Lead scoring: why single-score setups are dead in 2026

A VP of marketing showed me her lead scoring dashboard last month. Every contact at a 95 plus score for the last three quarters. The sales team had stopped looking at the field entirely. "We built this with our HubSpot consultant two years ago," she said. "The reps say it is useless. I think they are wrong, but I cannot prove it."

I pulled her closed-won data for the prior year. Of the 142 closed deals, 38 came from contacts with scores under 30. Twelve came from contacts with no score at all because they were added by SDRs after a cold call. Her scoring model was not wrong. It was measuring the wrong thing. It rewarded marketing engagement, which is a behavior, while her real buyers were companies that fit a specific profile and had triggered a specific event.

This is the most common lead scoring failure I see, and it has almost nothing to do with the tool. I have built dozens of these models inside HubSpot, Marketo, and a few custom builds in Clay plus n8n. The pattern is the same. Teams score the activity that is easy to track, not the activity that predicts revenue. So let me walk through what actually works and what to throw out.

What a lead scoring model is supposed to do

A lead scoring model has one job: tell a sales rep which contacts to call this week. That is it. Not "lead quality." Not "marketing efficiency." Not "MQL volume."

If the score does not change the rep's behavior, it is decorative. If the rep ignores the score and works from a list of their own making, the model is dead and should be rebuilt or removed.
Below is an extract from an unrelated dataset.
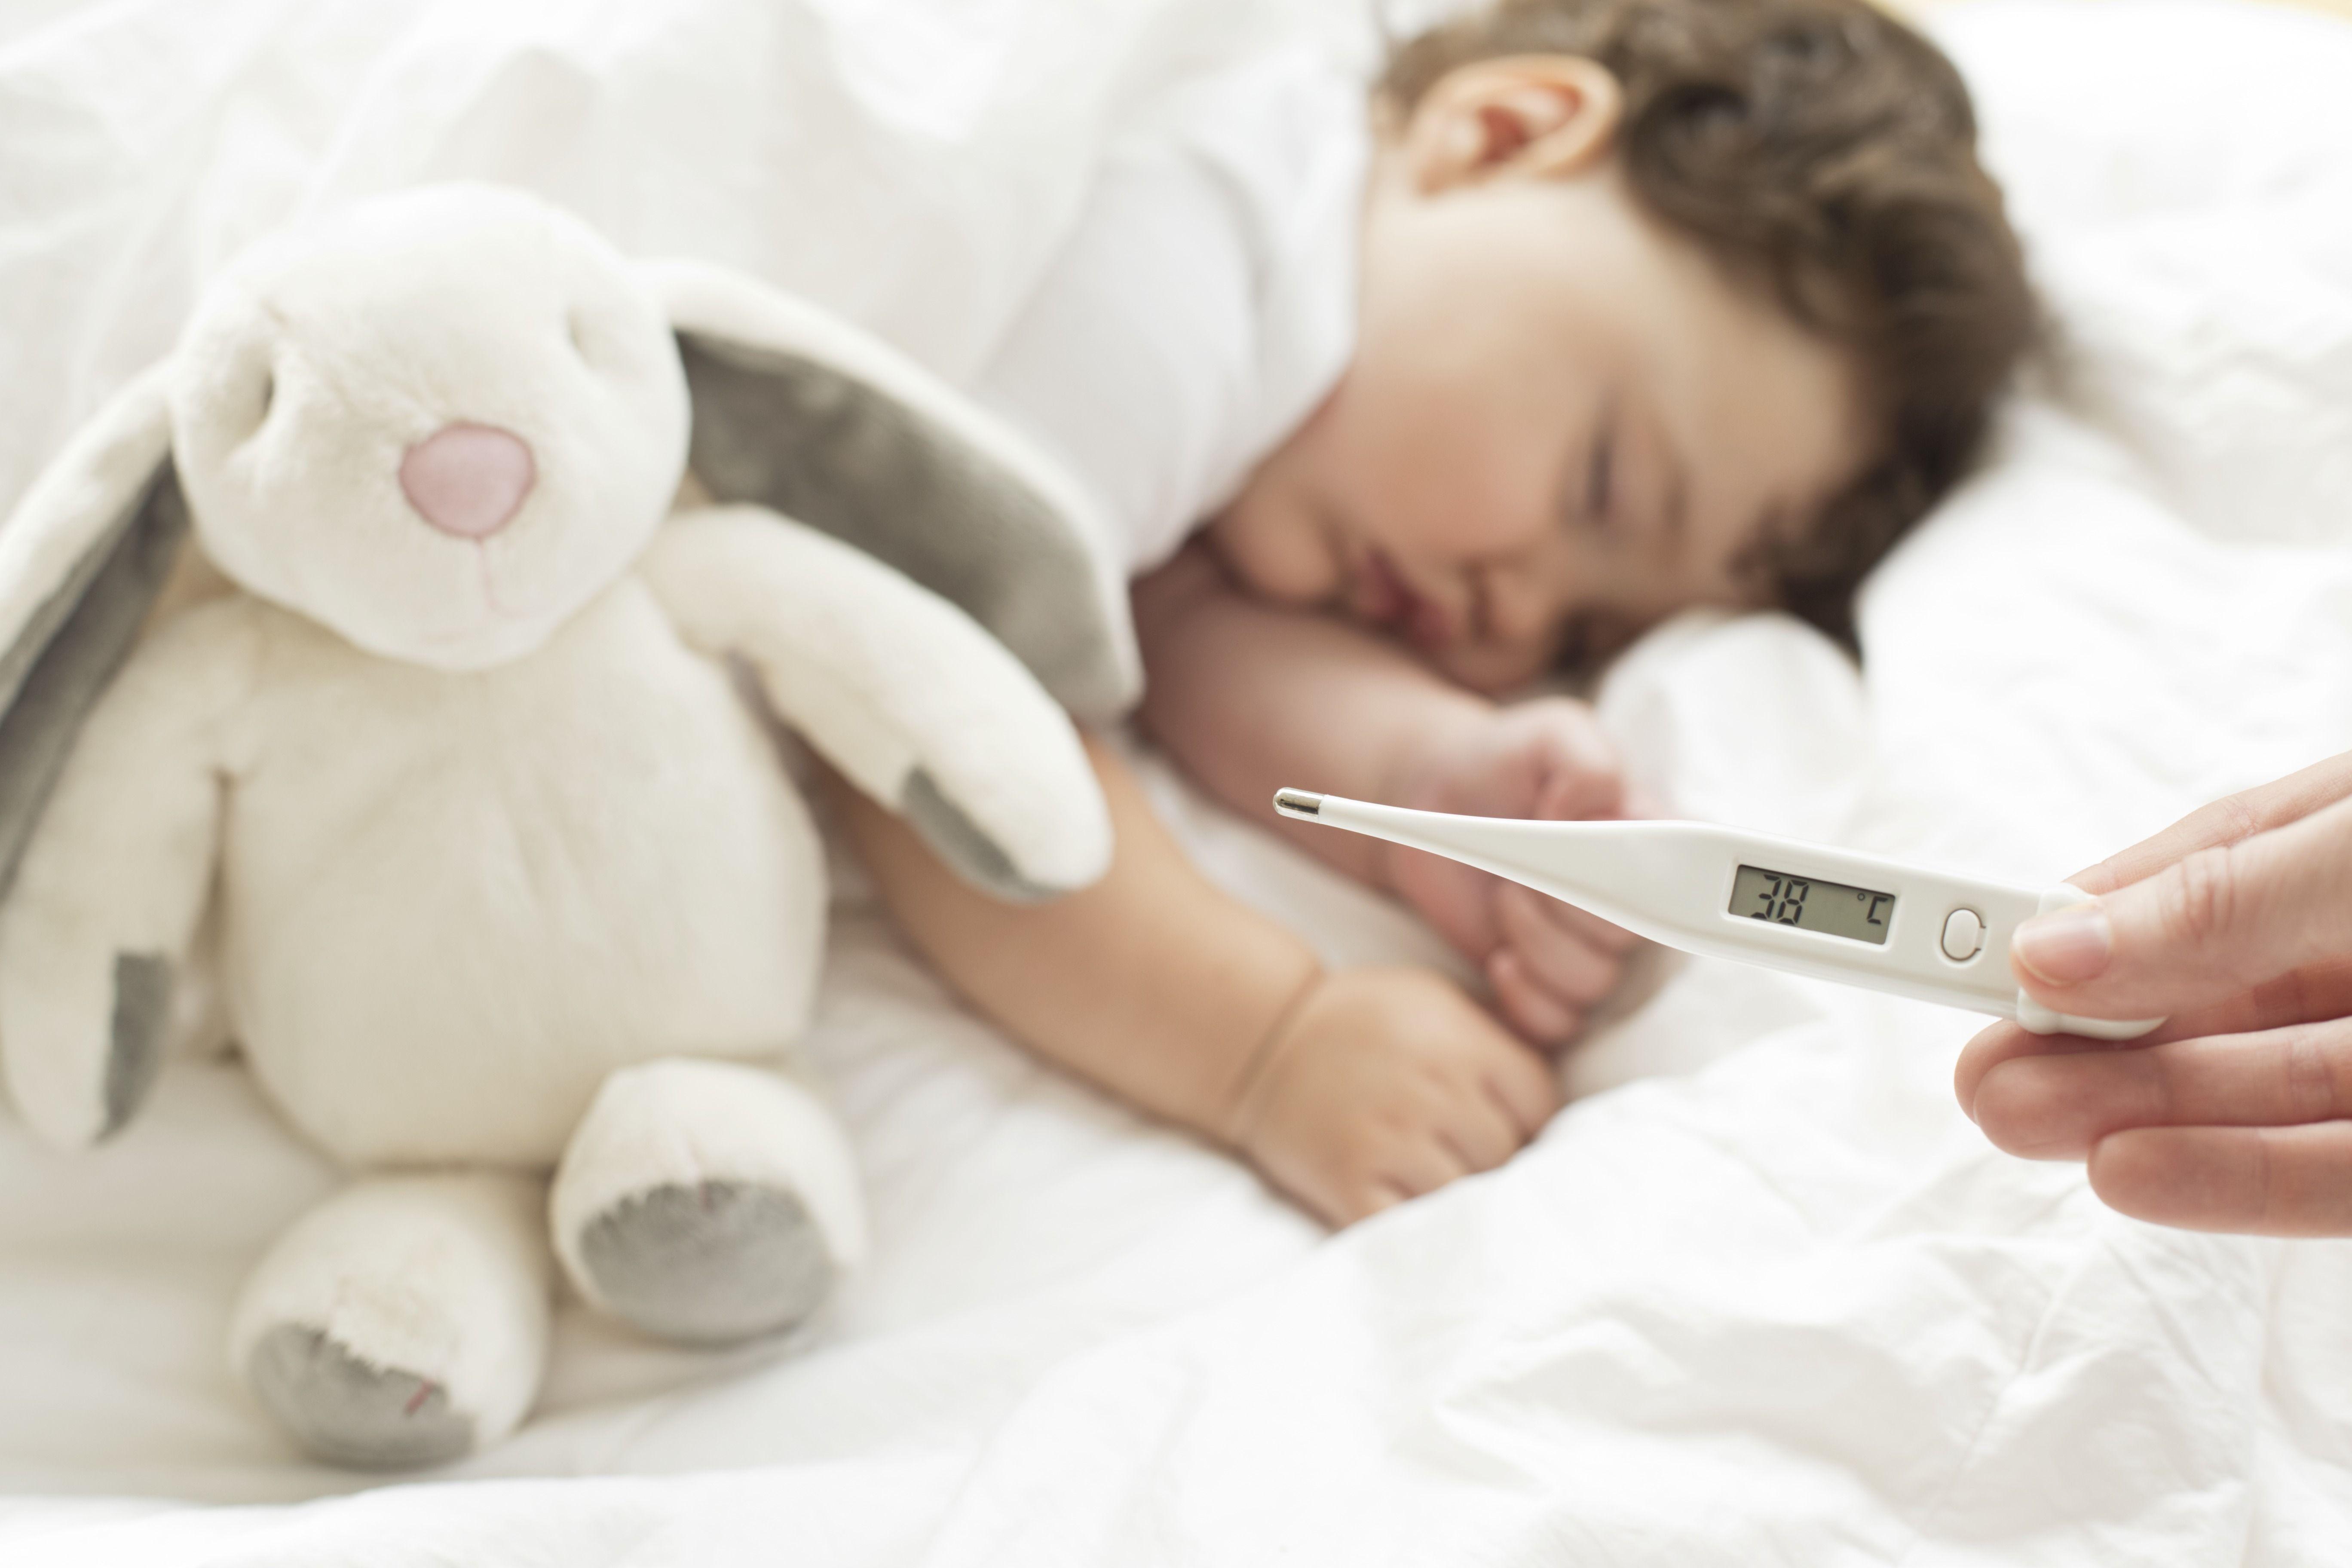 36 3 grados es fiebre en bebes
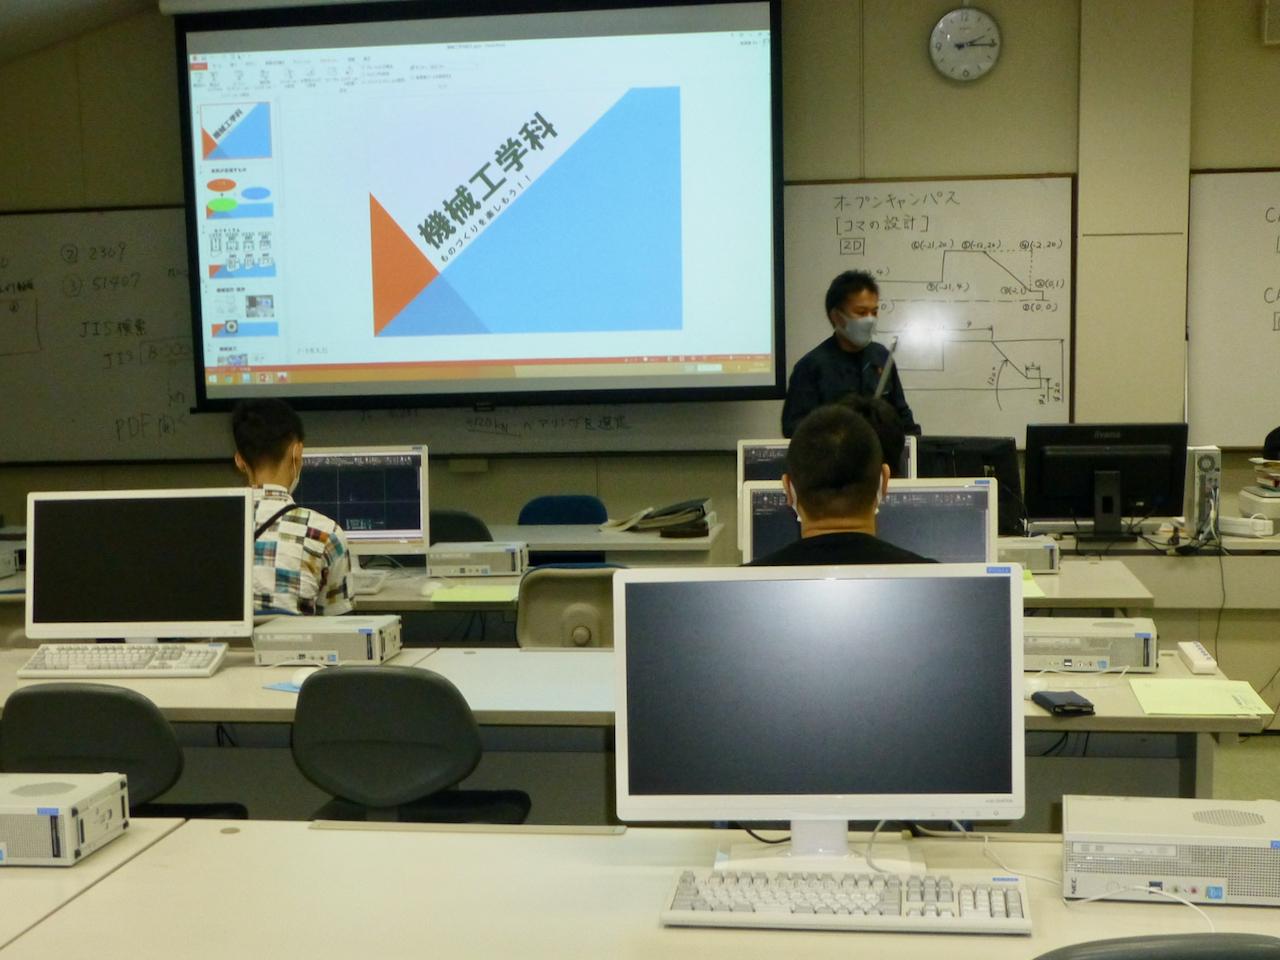 令和2年度オープンキャンパス 機械工学科

The second job, which is downstream, is to give marketing a feedback loop. When you can see that scores above X close at Y rate, you can tell finance which channels and campaigns generate the contacts that actually pay you.

The point

If your reps do not work the list in score order, your scoring model is decoration.

The whole point of the score is to change who gets called first. If that is not happening, the model is broken or your sales team has stopped trusting it. Both are fixable.

The two-axis model that actually works

Every working lead scoring model I have built or seen has two axes. Not one. Two.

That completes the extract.